Addie jumped to her feet, swallowed hard to keep from vomiting all over her boots and demanded, “My grandfather. Is he...?” Somehow she couldn’t quite make herself ask the whole dangerous question.
“He’s all right for now.” The doctor, a tall, thin woman with straight brown hair, spoke to her soothingly. “We’ve done a series of X-rays and given him medications to stabilize him.”
“Stabilize him,” Addie repeated idiotically. “Is that good? That’s good, right?”

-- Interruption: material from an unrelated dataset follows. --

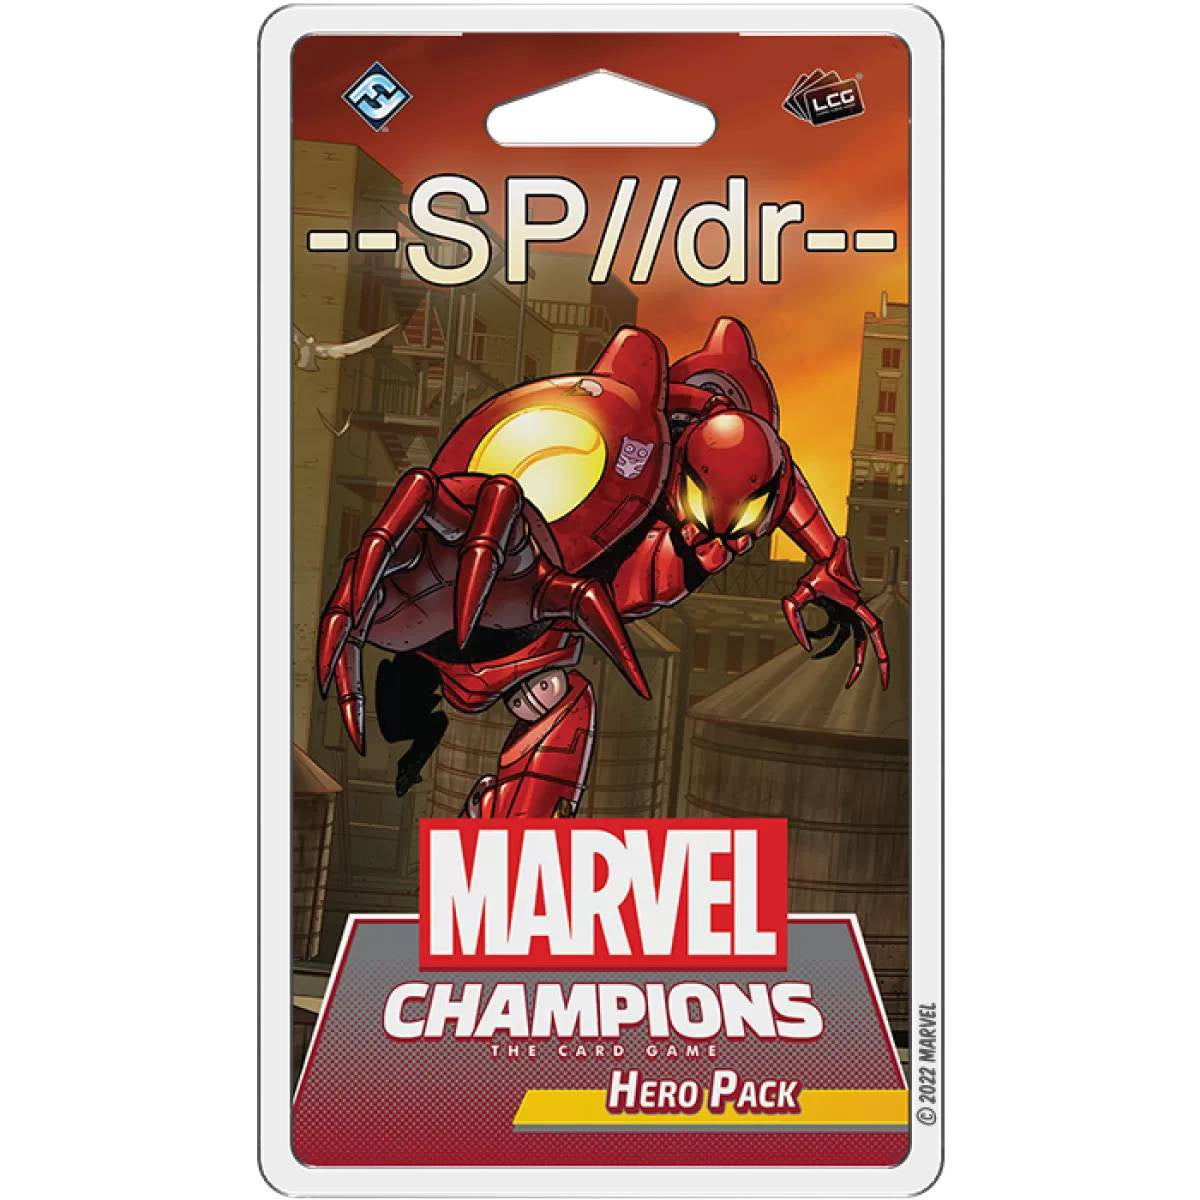 Marvel Champions The Card Game - SP//dr Hero Pack

“Yes. But his X-rays show that he’s got more than one artery blocked. He’s going to need emergency open-heart surgery. We want to airlift him to Denver, to St. Anne’s Memorial. It’s a Level-One trauma center and they will be fully equipped to give him the specialized care that he needs.”

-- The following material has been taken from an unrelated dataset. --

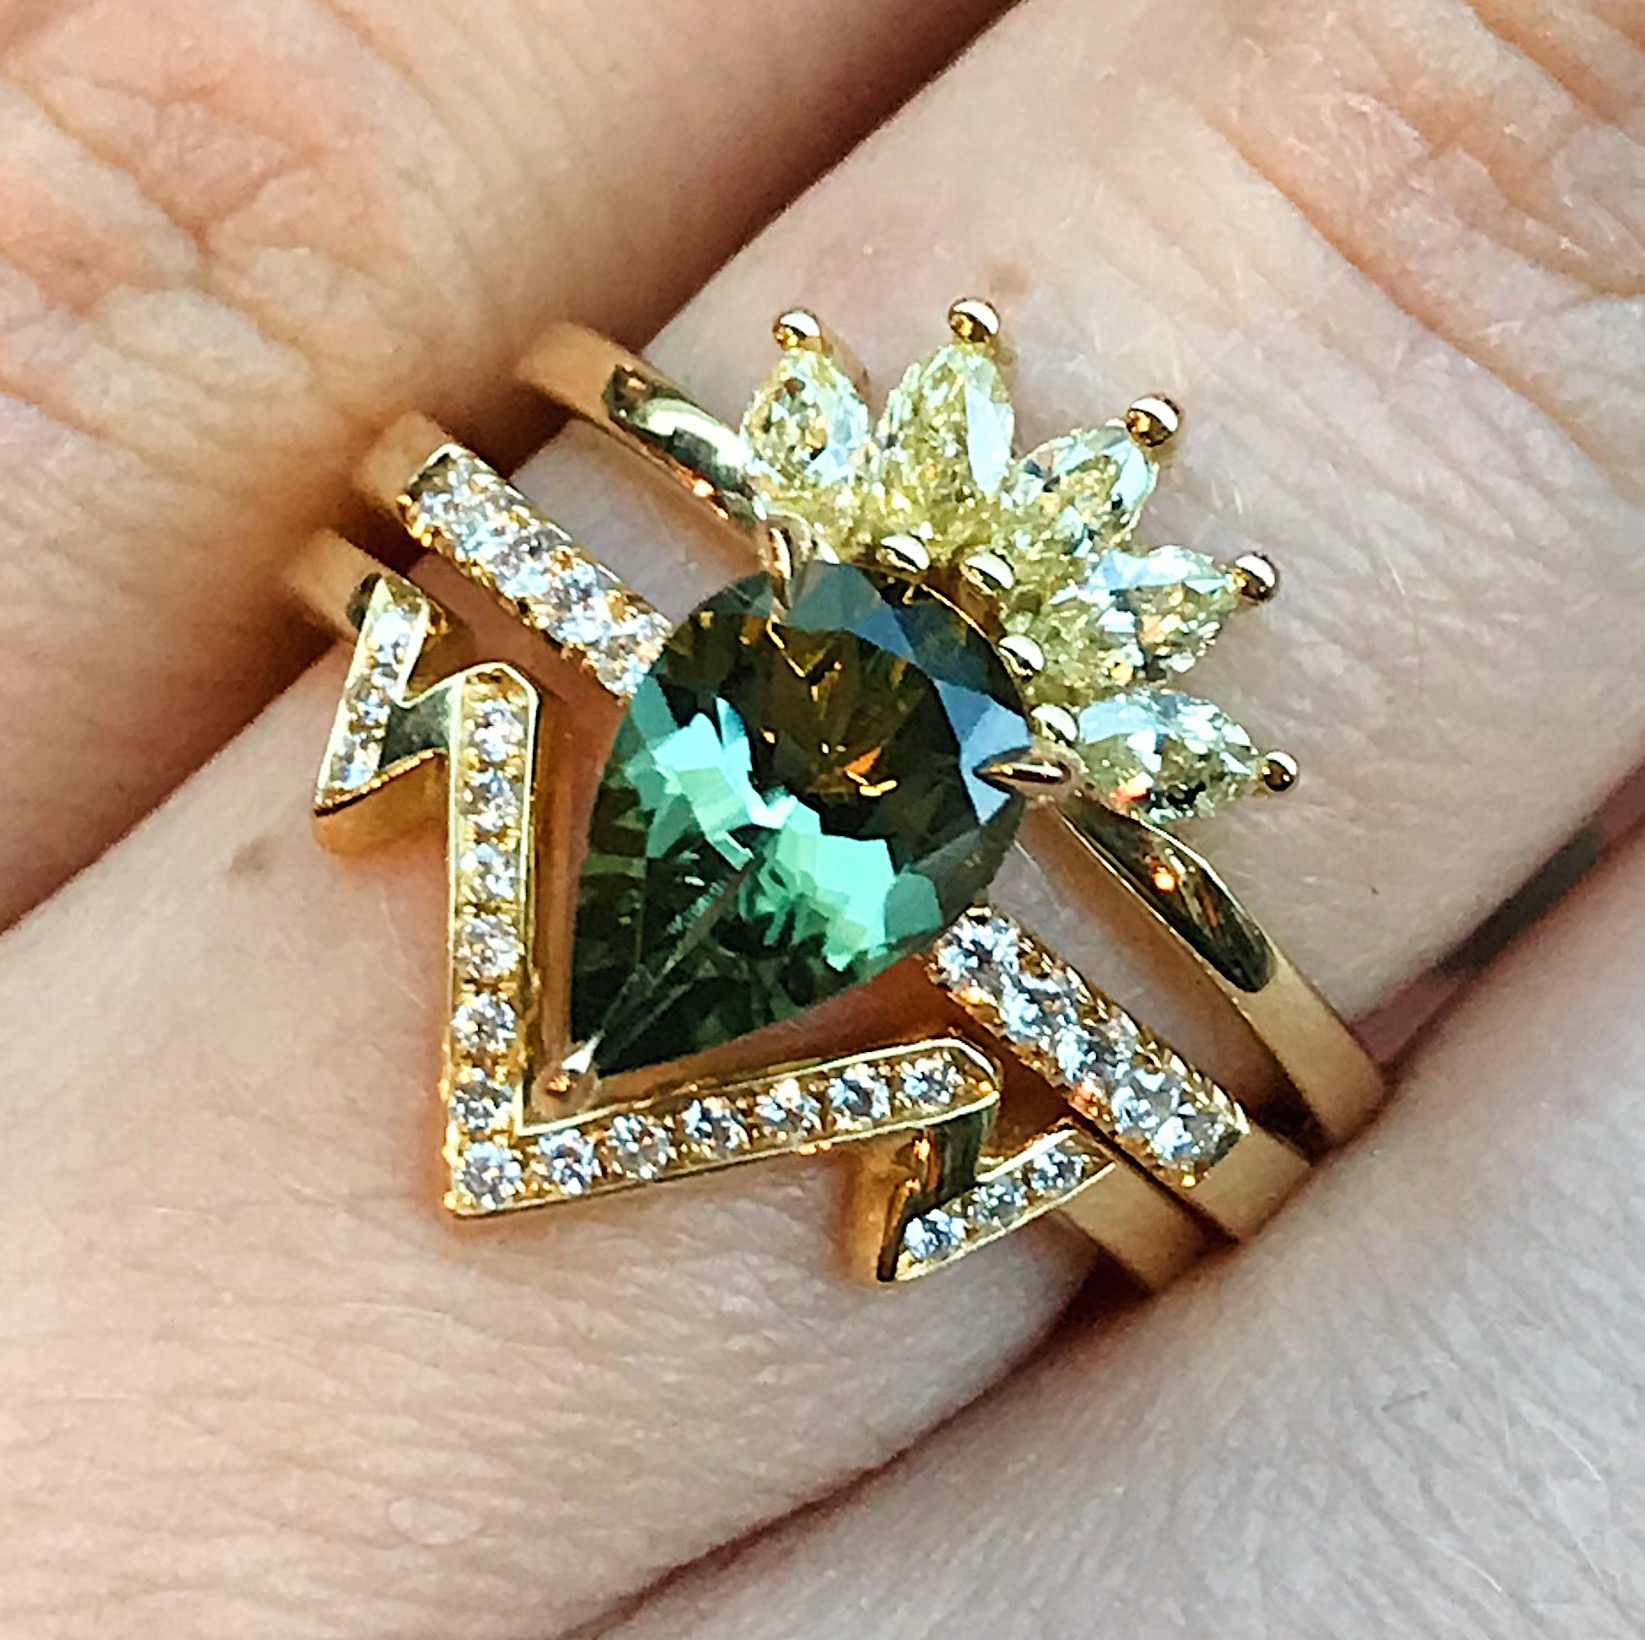 18ct yellow gold and pear-shaped Tourmaline engagement ring

Her head spun. Denver. Open-heart surgery. How could this be happening? From the moment she’d caught sight of James Bravo tied to a chair in the basement at Red Hill, nothing had seemed real. “But...he’s never been sick a day in his life.”
The doctor spoke gently, “It happens like this sometimes. That’s why they call heart disease the silent killer. Too often, you only know you’ve got a problem when you have a heart attack—but I promise we’re doing everything we can to get him the best care there is. You got him here quickly and that’s a large part of the battle. His chances are good.”
Good. His chances were good. Was the doctor just saying that or was it really true? Addie sucked in air slowly and ordered her queasy stomach to settle down. “Can I see my grandfather, please?”
“Of course you can. This way.”
* * *
In the curtained-off cubicle, Addie kissed Levi’s pale, wrinkled cheek and smoothed his wiry white hair and whispered, as much to reassure herself as to comfort him, “PawPaw, I promise you, everything is going to be fine. You’ll be on the mend before you know it.”
Levi only groaned and demanded in a rough whisper, “Where’s James?”
That made her long to start yelling at him again. But he looked so small and shrunken lying there, hooked up to an IV and a bunch of machines that monitored every breath he took, every beat of his overstressed heart. Yelling at him would have to wait until he was better.
Because he would get better. He had to get better. The alternative was simply unthinkable.